The data
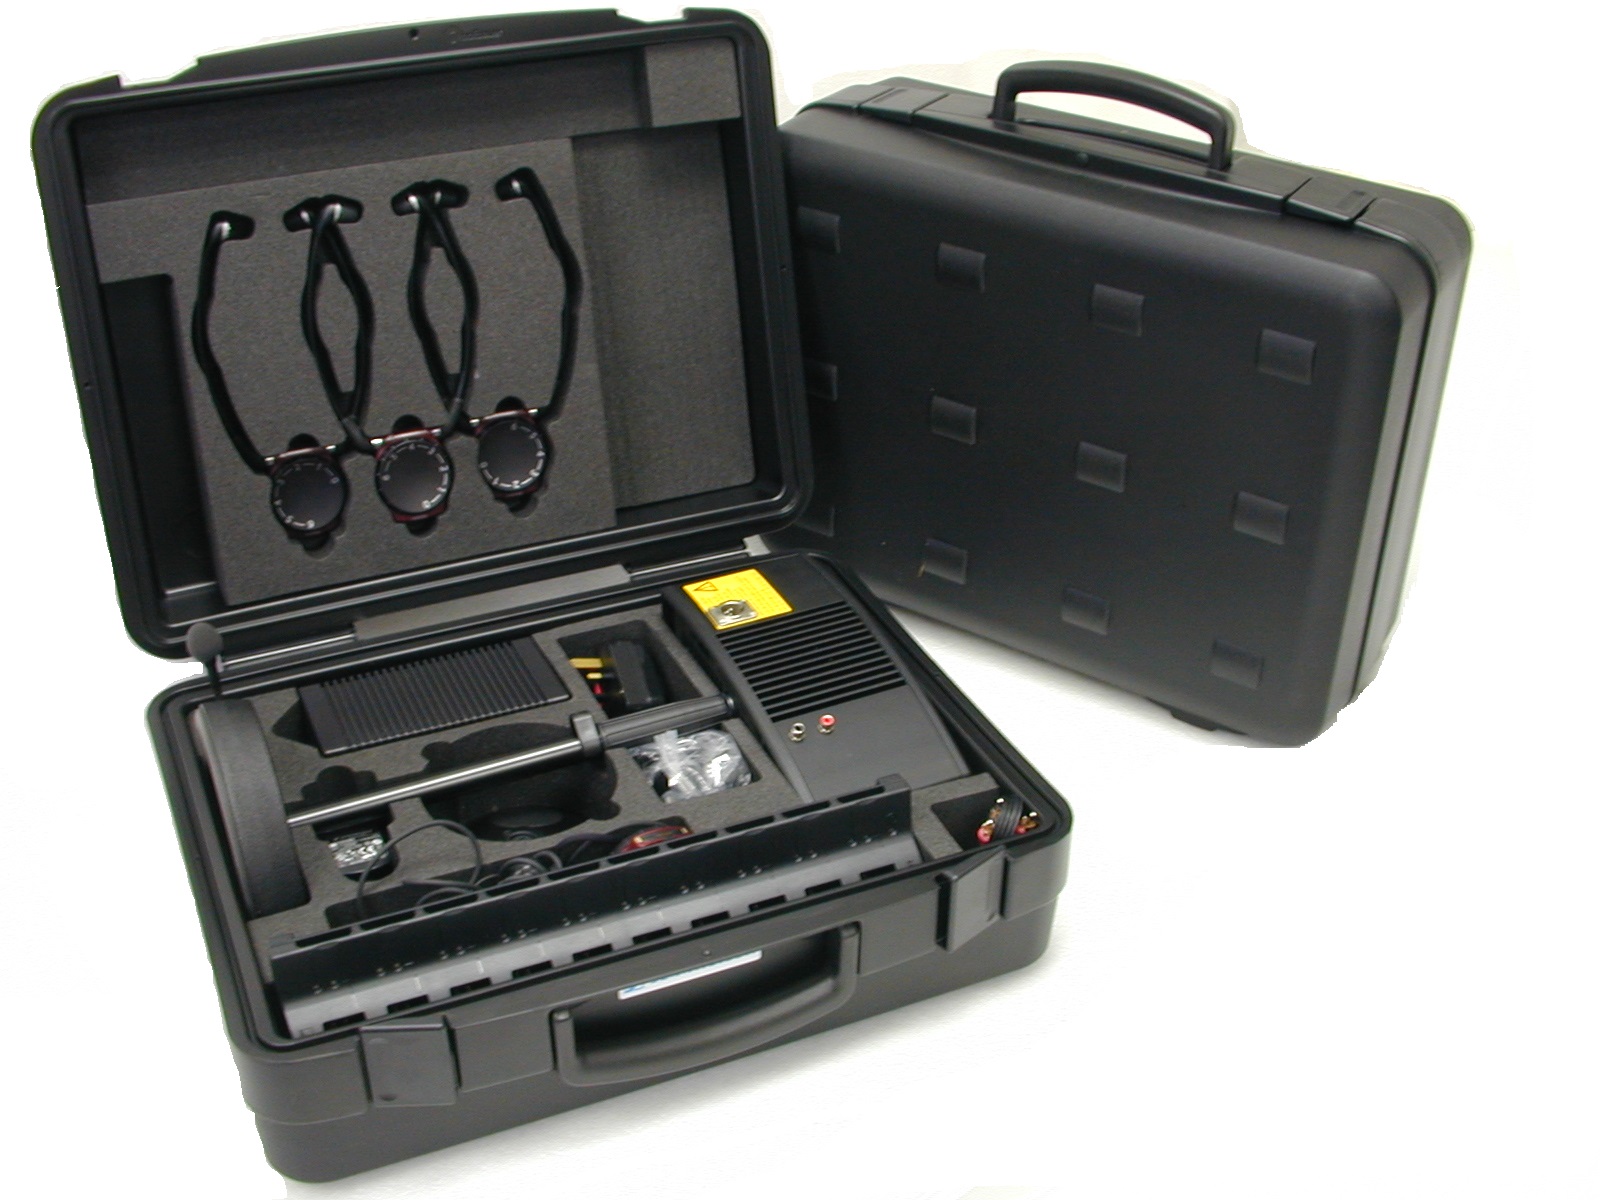 Broadcast Equipment Cases
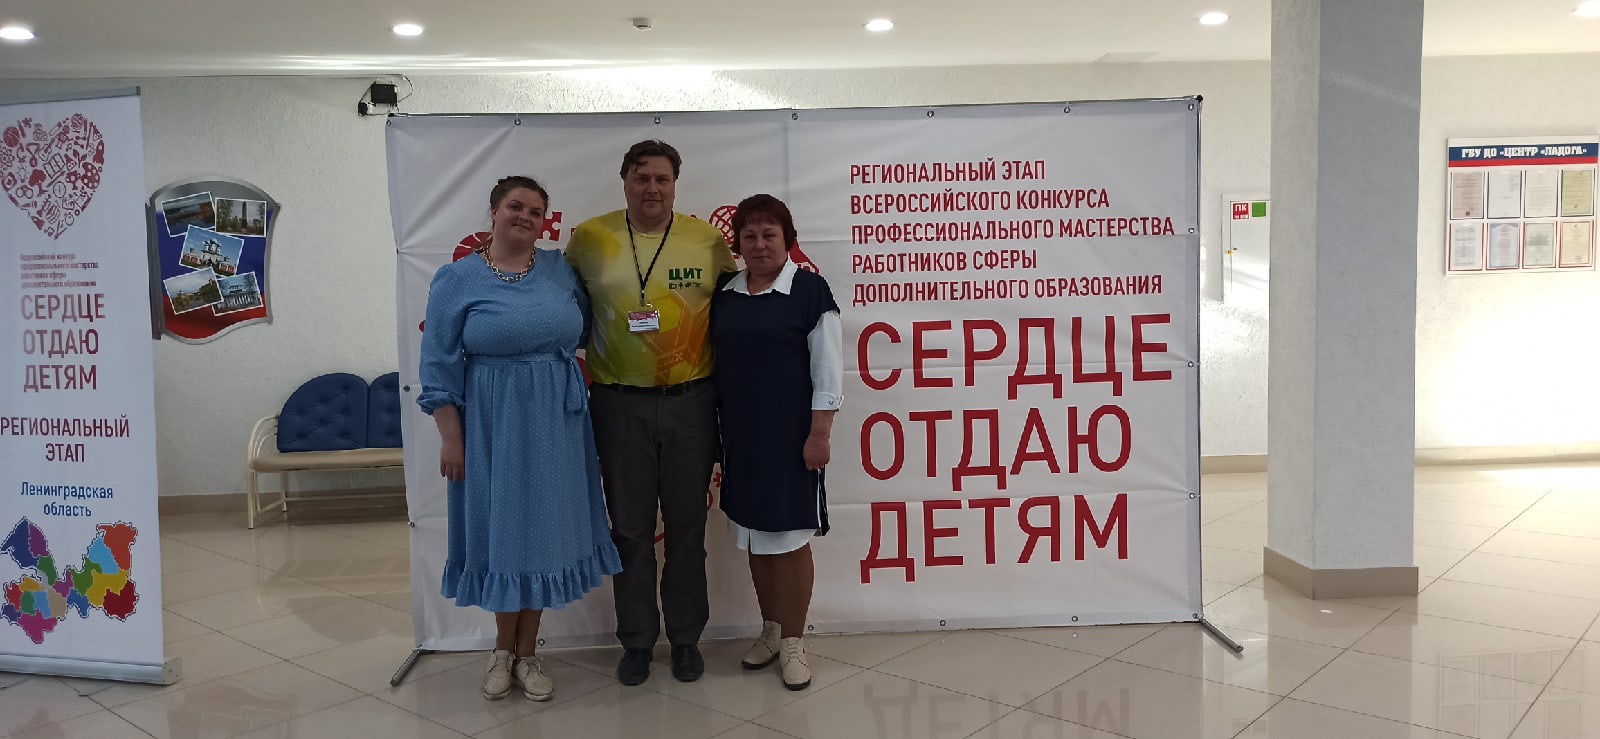 Педагог дополнительного образования Волосовского района победил в региональном этапе Всероссийского конкурса
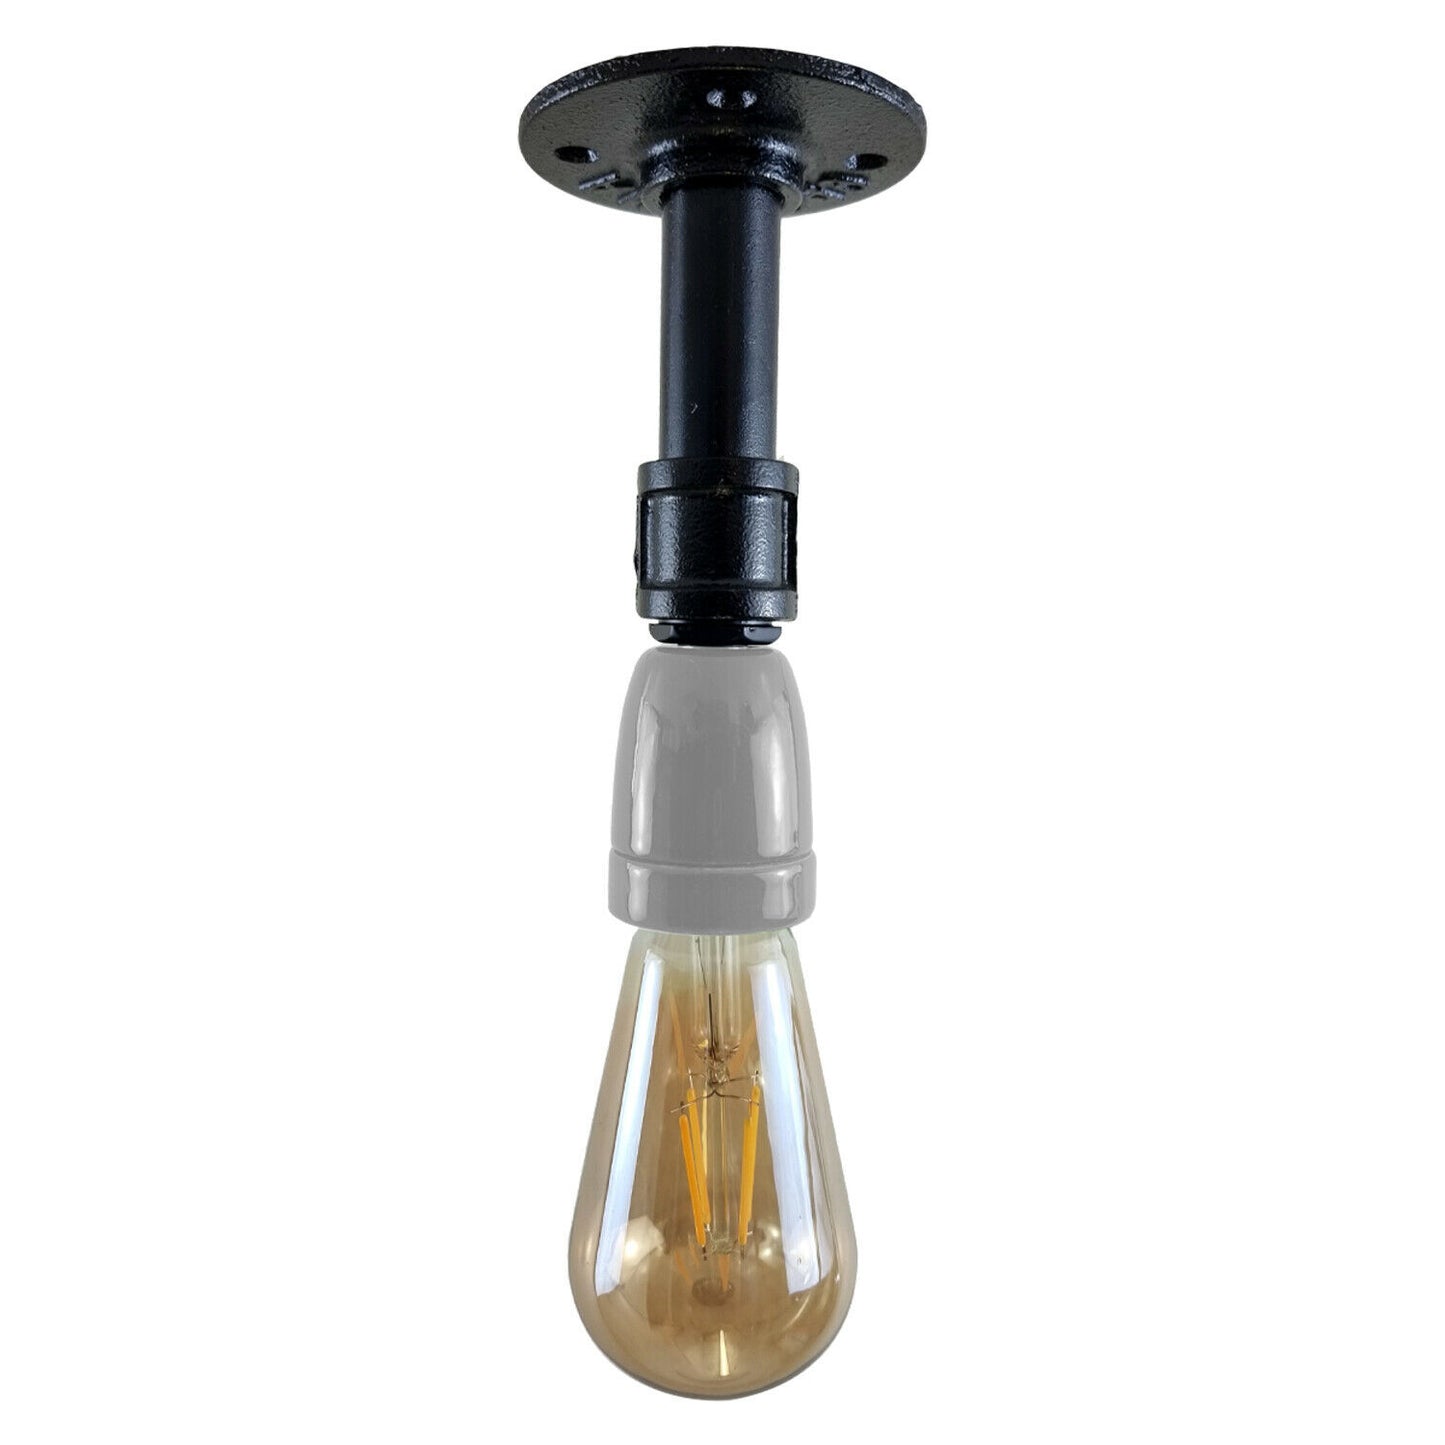 Vintage Industrial E27 Holder White Ceiling Light Fitting Flush Pipe Vintage Lighting~2620
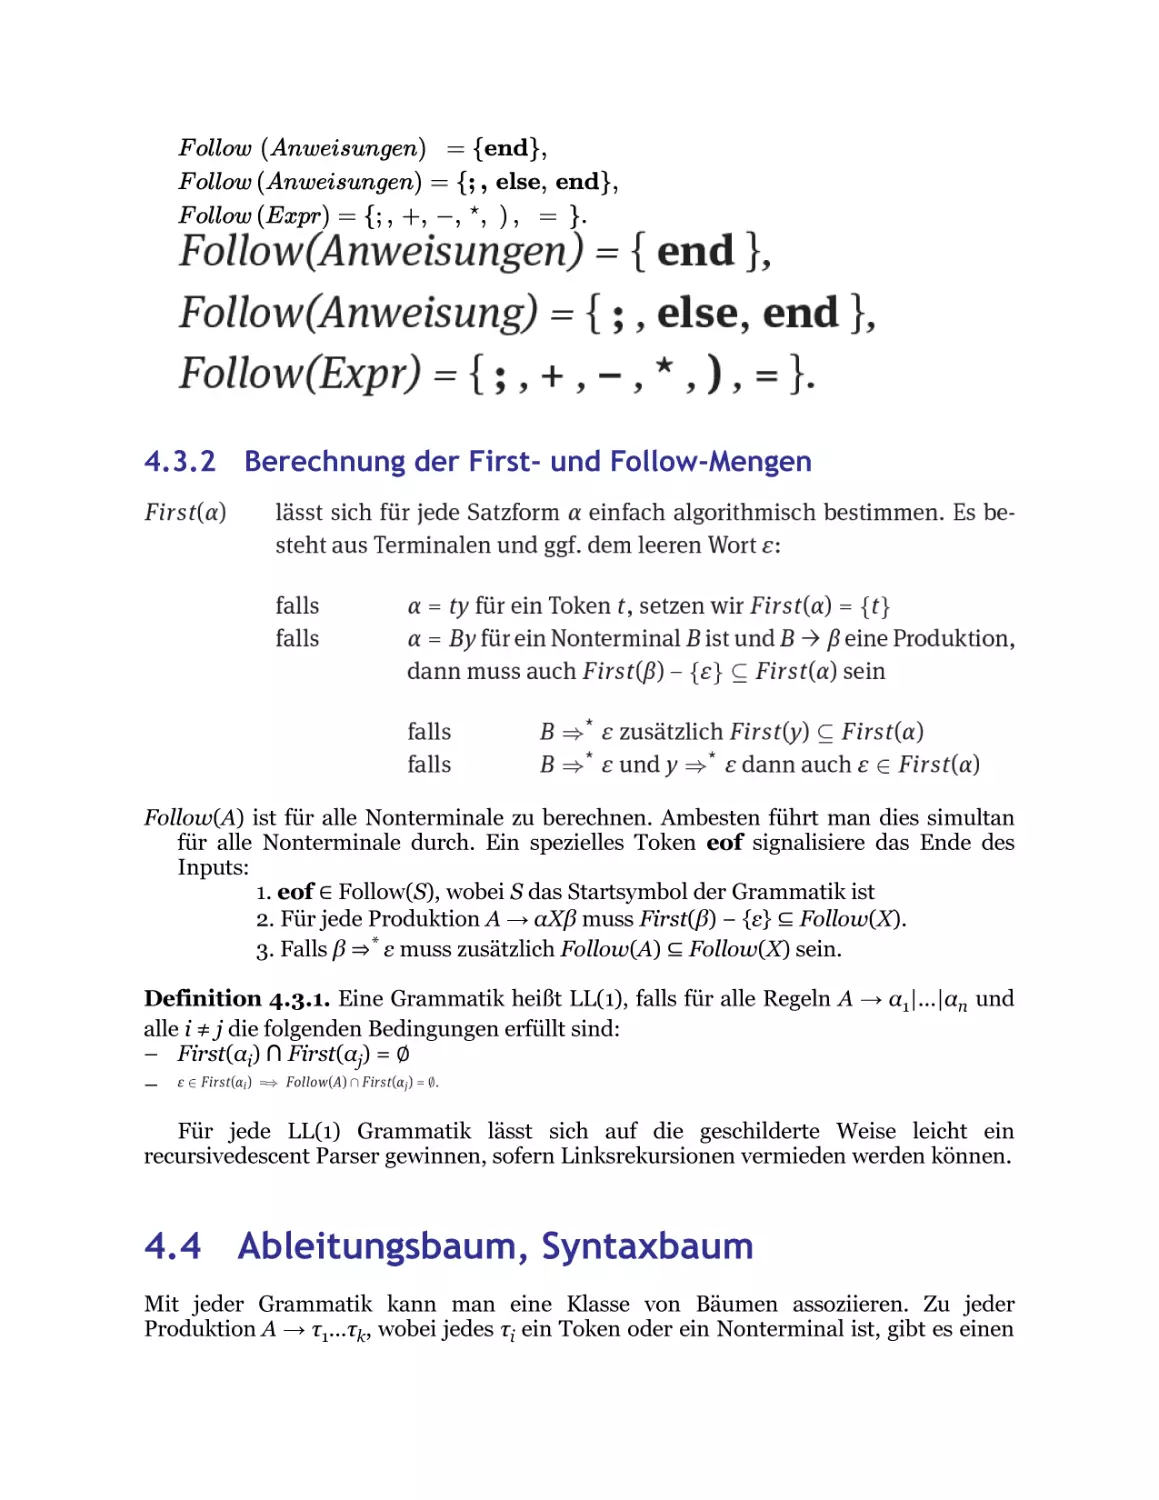 4.4 Ableitungsbaum, Syntaxbaum

What you should do
Copy out exactly, without any pictures, the lines above that begin at the one with "Педагог дополнительного образования" and end at the last line of the listing.

Solution for this problem
 Педагог дополнительного образования Волосовского района победил в региональном этапе Всероссийского конкурса
 Vintage Industrial E27 Holder White Ceiling Light Fitting Flush Pipe Vintage Lighting~2620
 4.4 Ableitungsbaum, Syntaxbaum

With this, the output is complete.